Framing Britney Spears The producers also spoke to legal experts for information, such as attorney Adam Streisand, who met with Britney in 2008 after learning that her father was trying to establish a guardianship.
“The first question I had was, does Britney have the ability to hire me? Does she have the ability to take my advice?” remember. “The first thing is that Britney was able to pass the judgment, ‘Hey, I understand what’s going on. I understand that I will not be able to resist this tutelage. ‘ So that’s a pretty solid judgment. “
“The second thing was that he said, ‘I don’t want my father to be the curator.’ That was his only request, “he says.” He wanted a professional, someone independent. Britney did not want her father to be her guardian, the person who makes decisions about her medical care, treatment, and so on. She also didn’t want him to control her finances. “
Adam further alleged that the day he went to court for Britney, the judge said, “I have a medical report and you haven’t seen it, Mr. Streisand, and I’m not going to show it to you. It shows that she is not capable of hiring a lawyer and direct a lawyer for herself. “
“When the judge said to me, ‘Mr. Streisand, I am not going to let me represent you. I am going to appoint someone,’ I felt that that was not the right decision of the judge,” he says. “I felt that based on my interactions with Britney, she was able to hold me back and direct me and that the judge should have allowed that to happen. But I didn’t know what I didn’t know, right? I don’t know yet. I don’t know what there is. in that report. So I had to respect that. “
Meanwhile, Kim Kaiman, the former senior director of marketing for Jive Records from 1998 to 2004, remembered Britney as “so serious and so focused” when they worked together.
“I remember Britney came in and was really impressed,” she recalls. “I thought, ‘This is the style.’ This is a girl who comes from strength, your friend who you idolize a bit, but who at the end of the day has the same kind of hopes and dreams as you. “
“His mother [Lynne Spears] I would do whatever it takes, personally and for the good of the family, to make Britney a star, “he continues.” Lynne supported Britney. I mean Lynne because I never spoke to her father. All Jamie said to me was, ‘My daughter is going to be so rich she’s going to buy me a boat.’ That’s all I’m going to say about Jamie. “
Framing Britney Spears producing director Samantha Stark told ET that The New York Times He tried to contact Britney directly, but did not interview her for the documentary.

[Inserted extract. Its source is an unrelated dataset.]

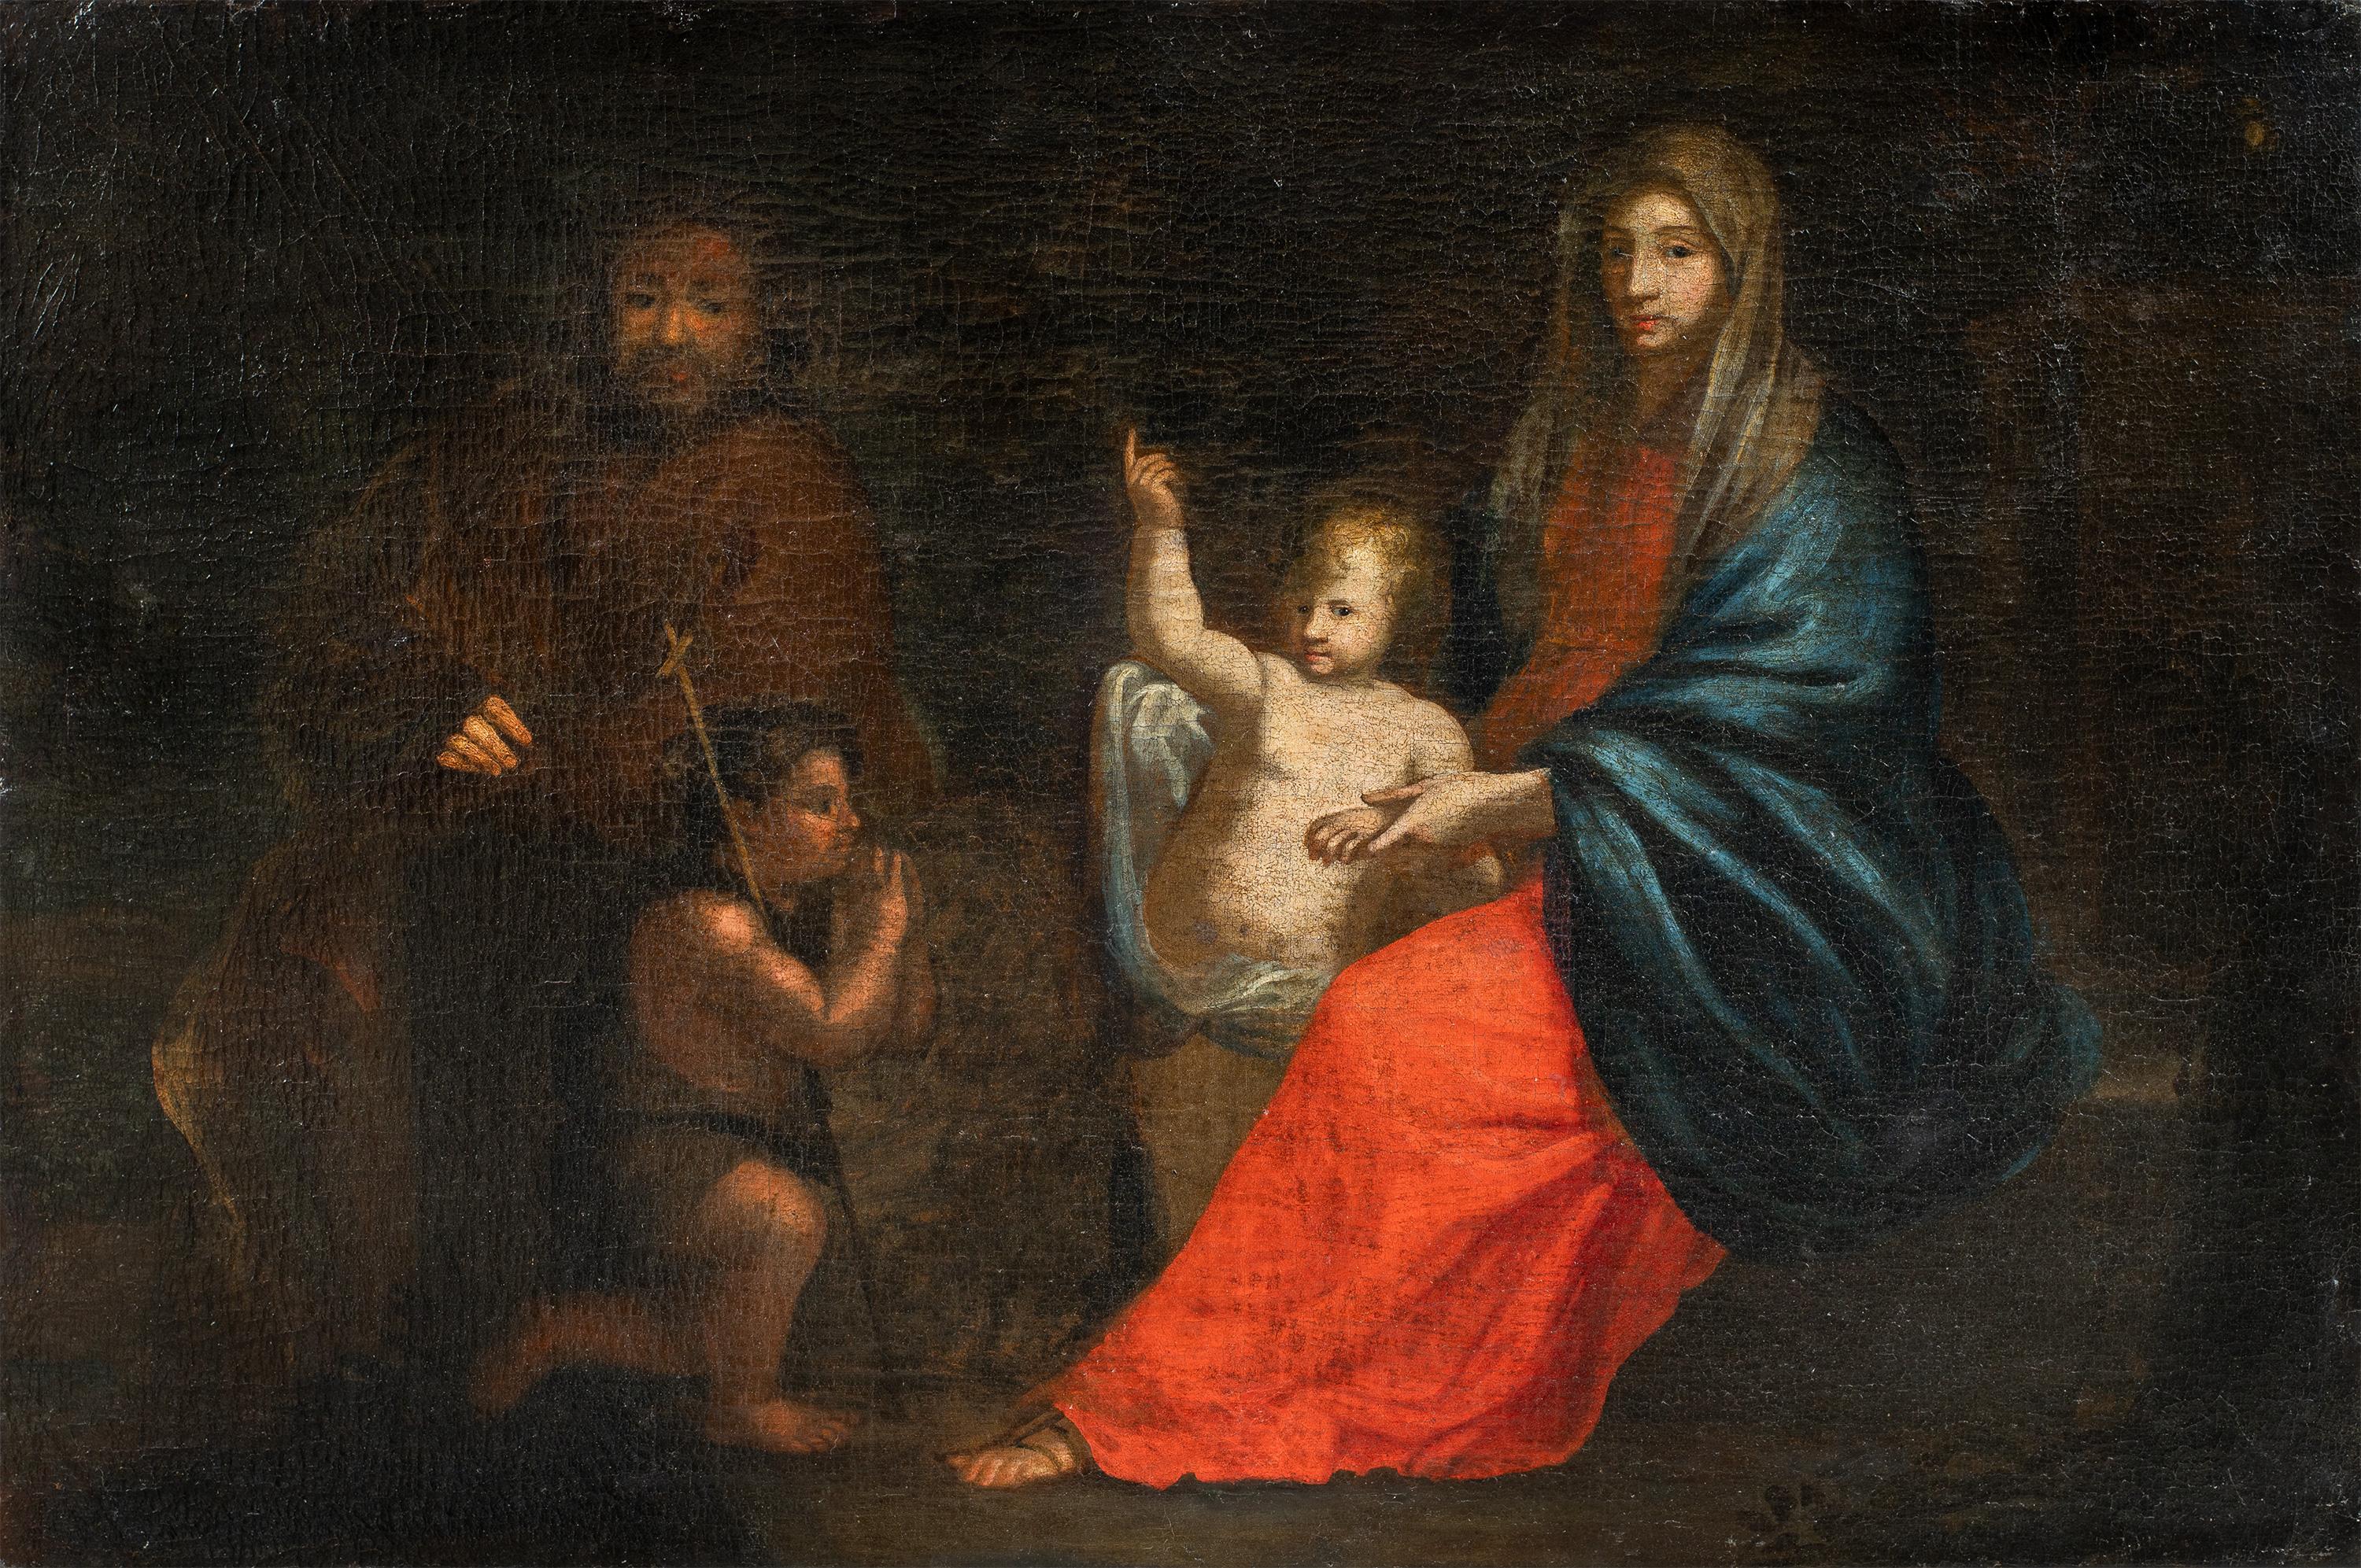 Baroque Italian painter - 17th century figure painting - Holy Family - Virgin
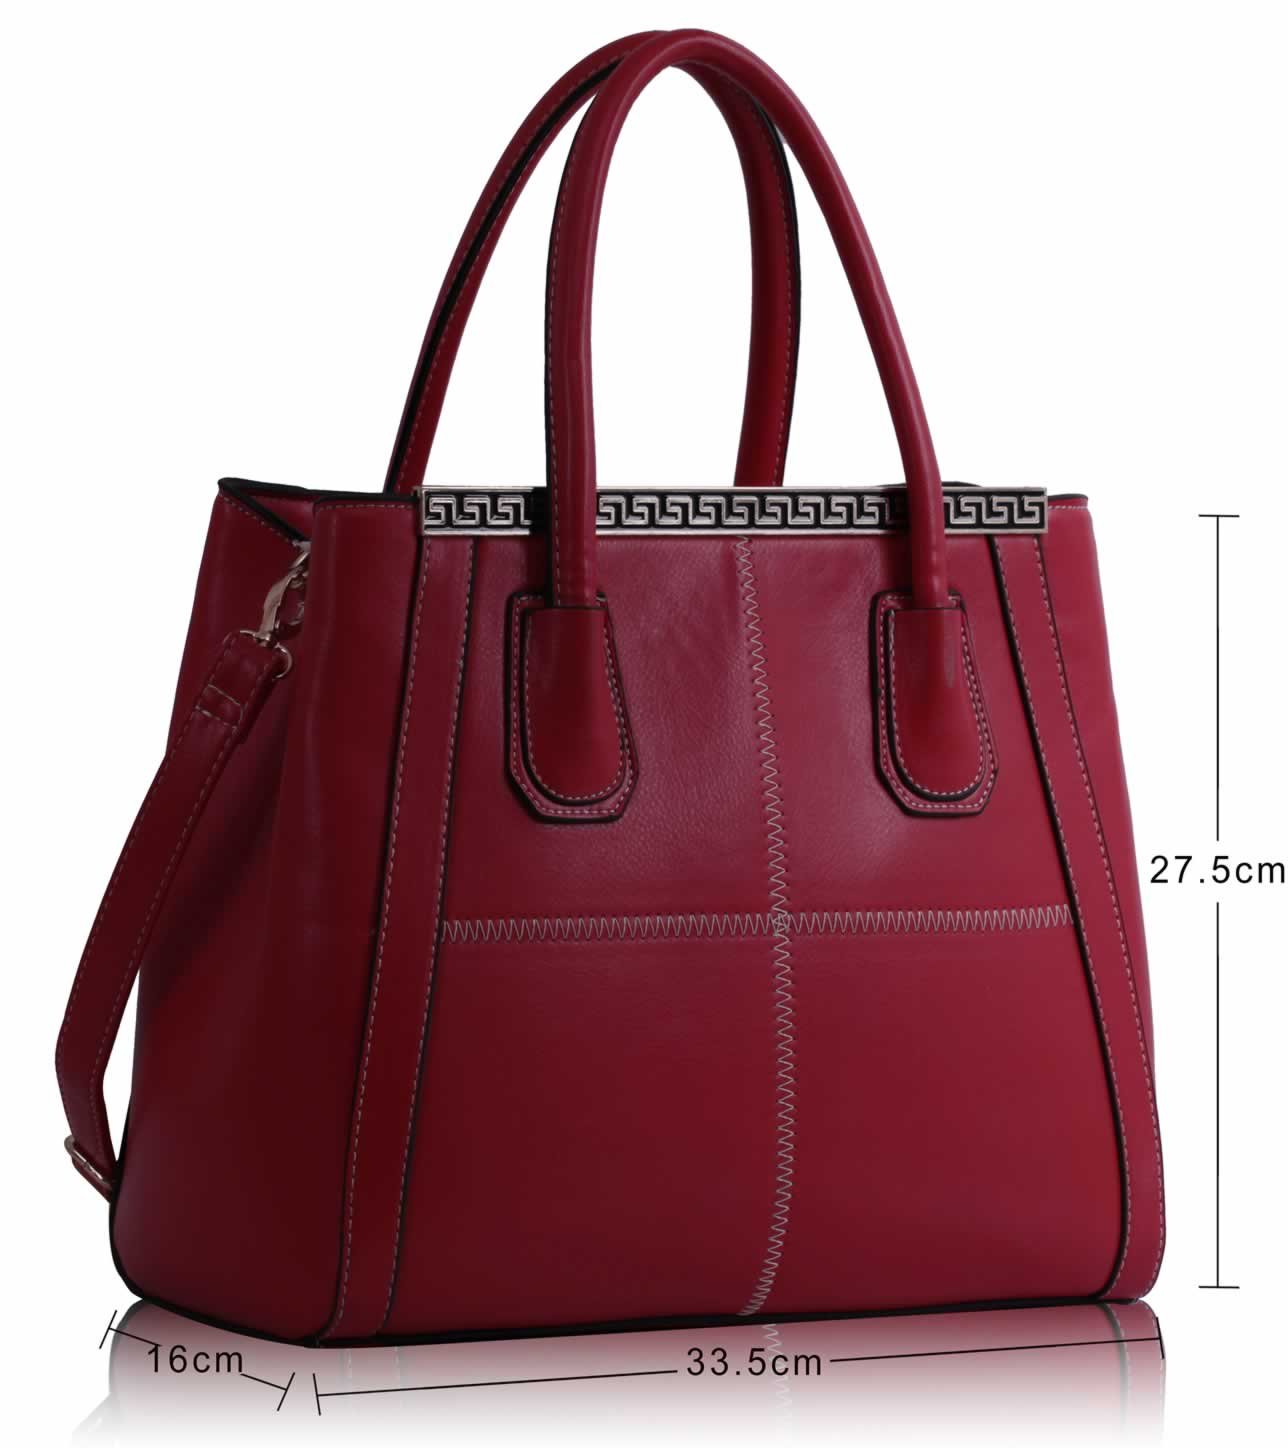 Wholesale Bags :: LS0030A - Red Checkered Fashion Tote Handbag - Ladies handbags, clutch bags ...

“Since Britney has such a tight circle around her, partly due to guardianship, or allowed to be so due to guardianship, journalists have not really been able to freely interview her,” he says. “We as The New York Times, I have not interviewed her because we want to be able to do it freely, without anyone trying to adjust what she says or anything. And you can’t seem to ask Britney. “
the NYT He also contacted the following individuals or their representatives, who did not respond or decline requests to be interviewed on camera for the documentary: Jamie Spears, Lynne Spears, Jamie Lynn Spears, Bryan Spears, Andrew Wallet, Samuel D. Ingham III, and Sam Lutfi .
“We had a lot of people who didn’t respond. When you’re in a legal process you don’t talk to the media, that’s standard,” says Samantha. “We tried [reaching out to] everyone in multiple ways. “
As Britney’s legal battle for her guardianship continues, her friend, Felicia, is hopeful that the singer will one day share her side of events, freely and when the time is right.
“The only reason I agreed to do the interview is to remind people why they fell in love with her in the first place,” Felicia says in the document. “I know at some point he will tell his story, I know he will.”
“I am very grateful for when that moment comes,” she adds. “That he’s able to sit up and, you know, everything will fit.”